Published April 29th, 2018 by Assaf Trafikant

Automatic 404 Report With Google Analytics

404 pages. Those pages that tell visitors that the page they were looking for no longer exists. It’s mainly a nightmare for people with websites that use multiple infrastructures, servers, CMSs, and dozens of ever-changing templates. These situations increase the chances that a page that was there one day would be gone the next and put a dent in user experience and, subsequently, business. The phrase “404 – page not found” appears on plenty of sites, but most people don’t know what that means, so in a sense, it’s jargon more than it is common knowledge. If a page on this site were to read “404”, it would be fine; for other websites, it’s best to tell the users something along the lines of “The page you were looking for no longer exists.”

On a blog with only several dozens of articles, it’s negligible, but on large sites, this is a real issue. Here’s my method for quickly creating a weekly 404 report via Google Analytics, so that you’ll be able to analyze the source of the 404 error and take care of everything on time.

Now, I know that many SEO tools do just that, but this is about analytics, right? As an alternative, you can repeat the same logic in Data Studio and have this report open all the time.

Creating a 404 report in Google Analytics, step by step
Go into your website, but this time pound out some nonexistent address – say, yourdomain.com/blabla – so that you will get directed to a 404 page.
Check out the site address: it may have stayed the same (that’s the case on this site), or it could have changed to domain.com/404 or similar.
Now, look at the name of the page you’re currently on, a.k.a Page Title. To see is, just hover over the relevant tab. Here’s what it looks like on entrepreneur.com:

As you can see, the page title is “Page Not Found..[..]”. On my site, it’s “404 – Assaf Trafikant”. To make a long story short, you should be aware of your 404-page title and URL.

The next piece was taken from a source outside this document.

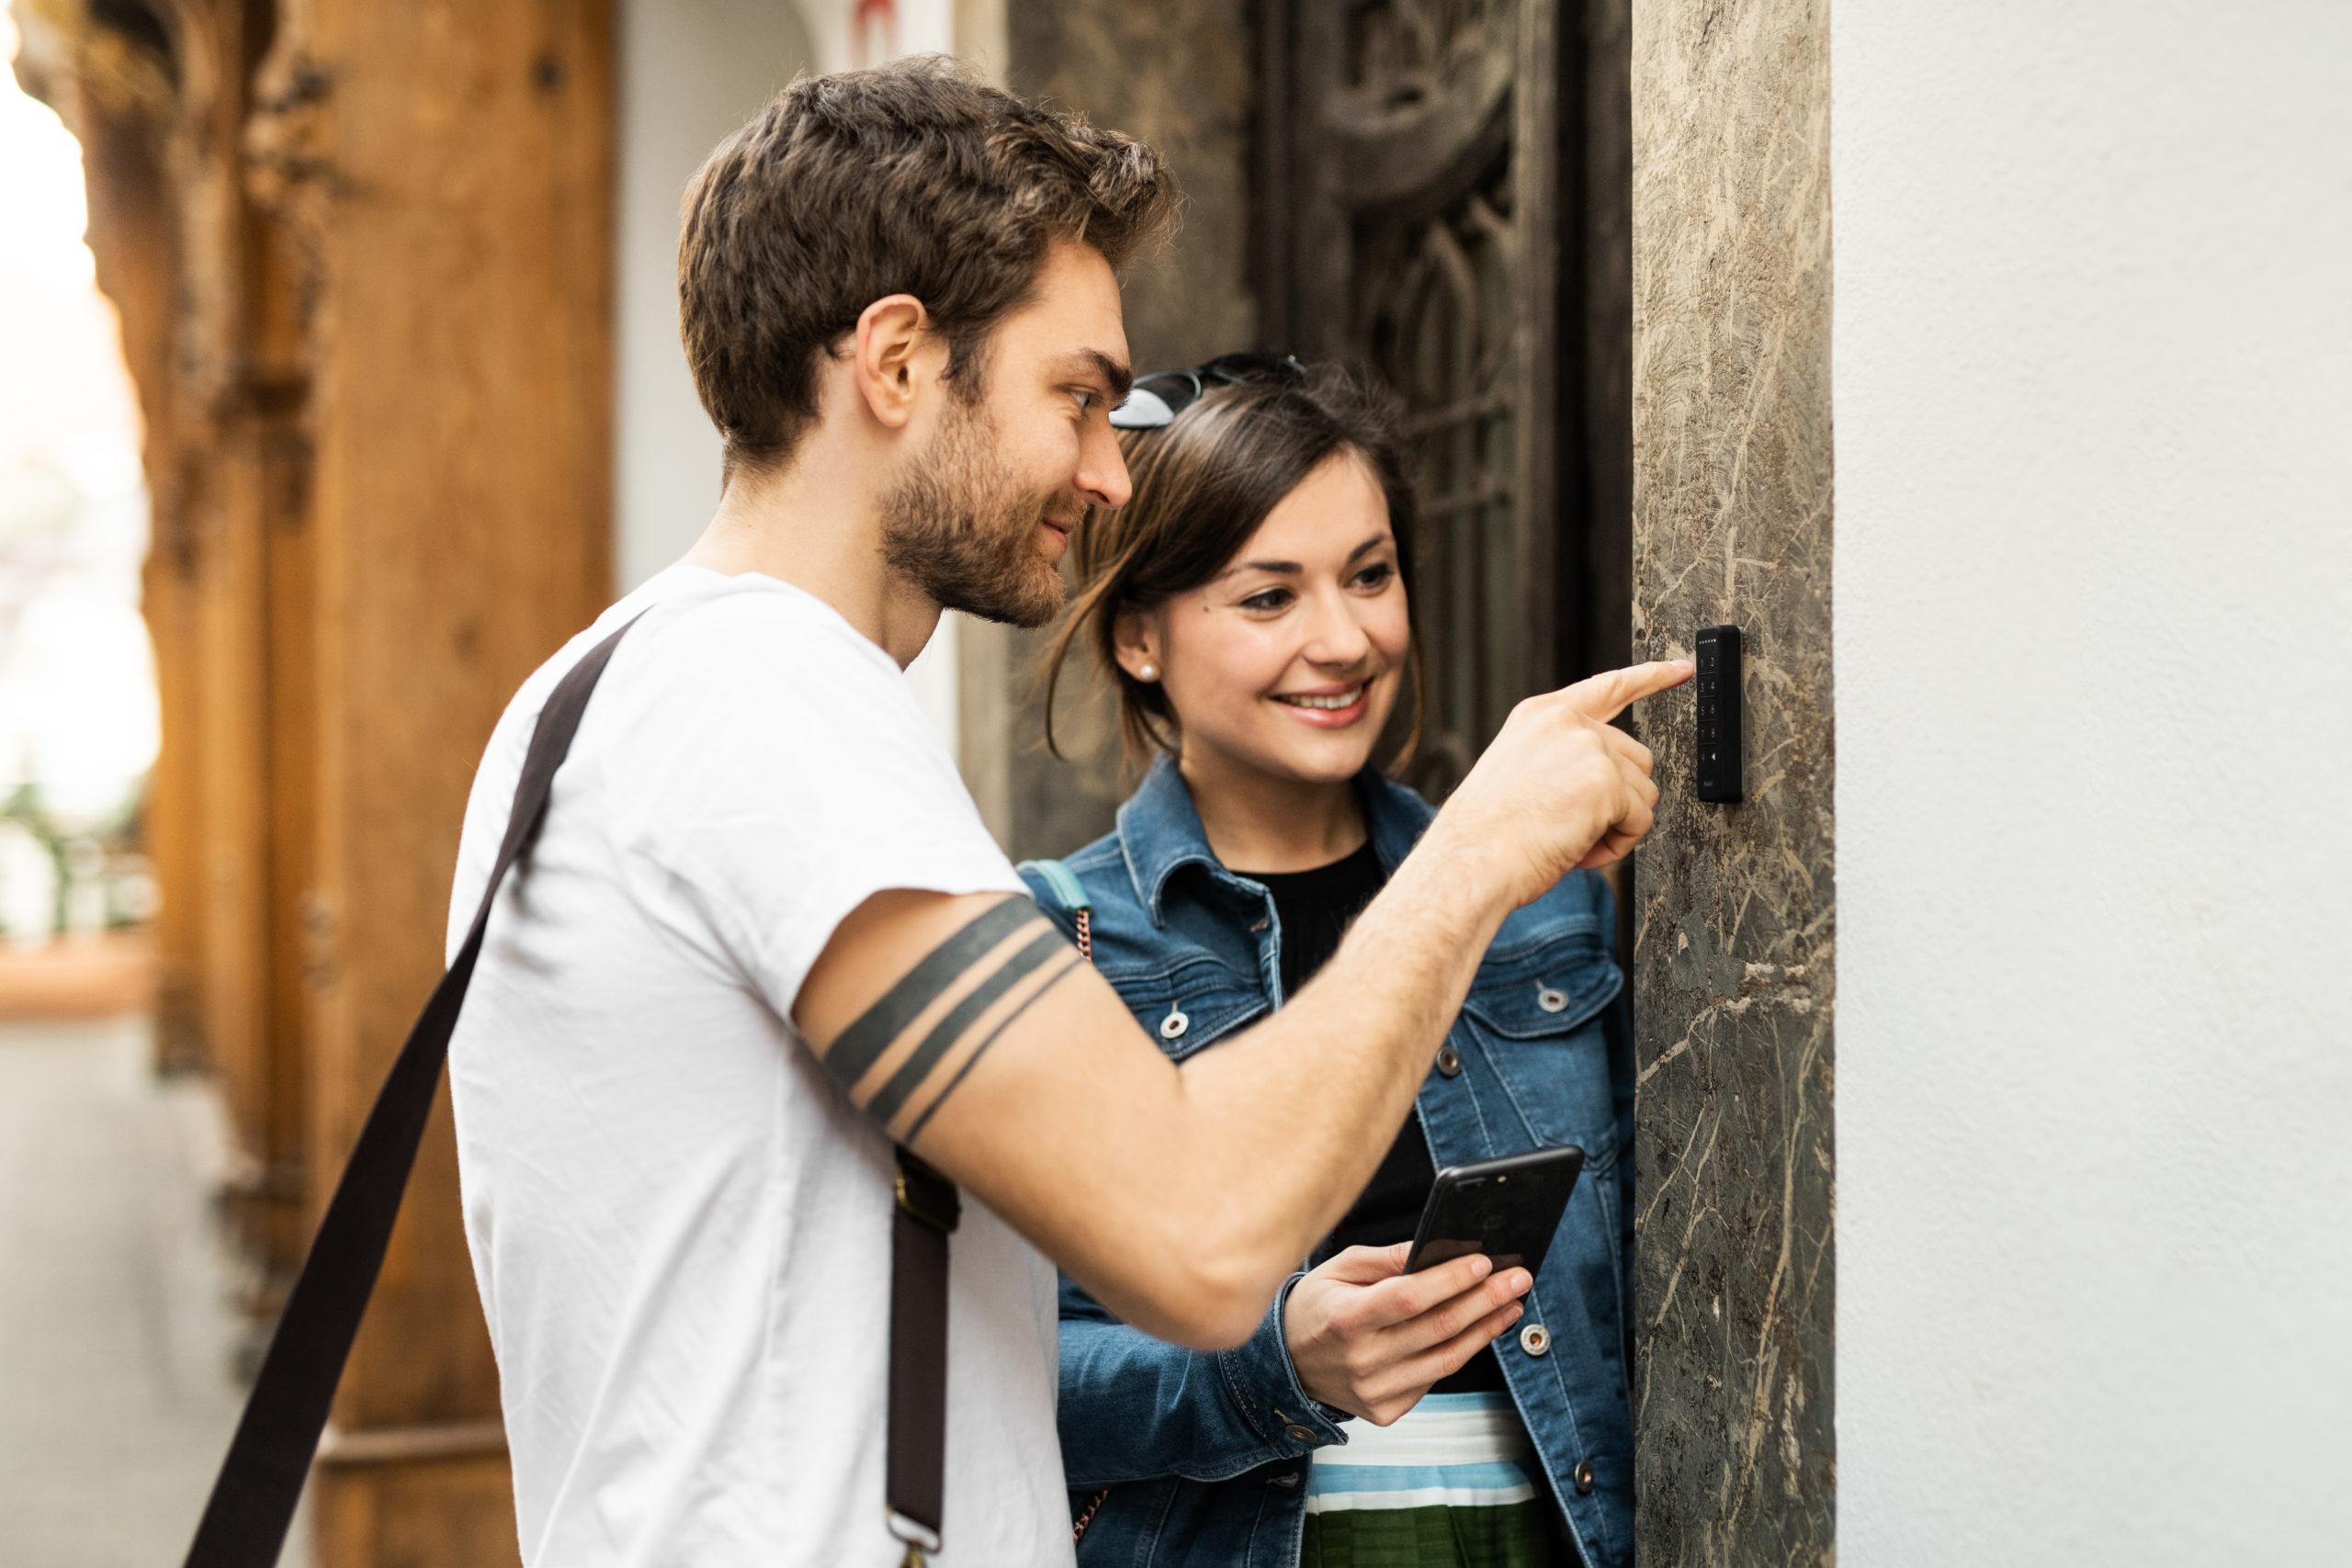 Airbnb Gäste beim der Ankunft - Easy access via NUKI Smart Home Schloss

Now, if you click here, you’ll import a nice 404 report into your analytics account. Here’s its structure:

  • Page: I want to see the URL address for the page that came up as 404.
  • Previous page path: Shows the page that preceded the 404 page, so that you can find out what led visitors there.
  • Pageviews: Shows the number of times the error occurred. You can use unique pageviews instead.
  • Filter: A filter that instructs Google only to show Page Titles that include the text “not found” or “404”. That’s how it is for me, but you can change it according to how your 404 page title is.
  • Your report should look like this:

Now, run the report and you will see results that need tending. All that’s left is to time the report to run once a week/month and send you the aggregated data.

Timing The Report

  • Run the report.
  • Below the table results, set the table to show 1000 pages. Even if you have only 10.
  • Above the report, click Share.
  • Fill in your email address, and set the report to be sent every Sunday/Monday as an Excel sheet. The report will automatically include data from the previous week. If you chose a monthly report, you’d get data going back one month.
  • Save, and you’re done!

A Couple More Things

  • SEO professionals use other tools to do the same thing. There are plenty of solutions out there.
  • The downside of the solution I suggest here is that it sends out a blank report if you didn’t have any 404s. If you want to get a report that’s only sent after a certain number of 404 hits has been reached, you’d have to use different tools. For large websites, I log in to Google Analytics via Supermetrics or similar, and extract every 404 hits to a Google Sheets spreadsheet; if the number of errors exceeds a set daily amount, I get an alert containing the data.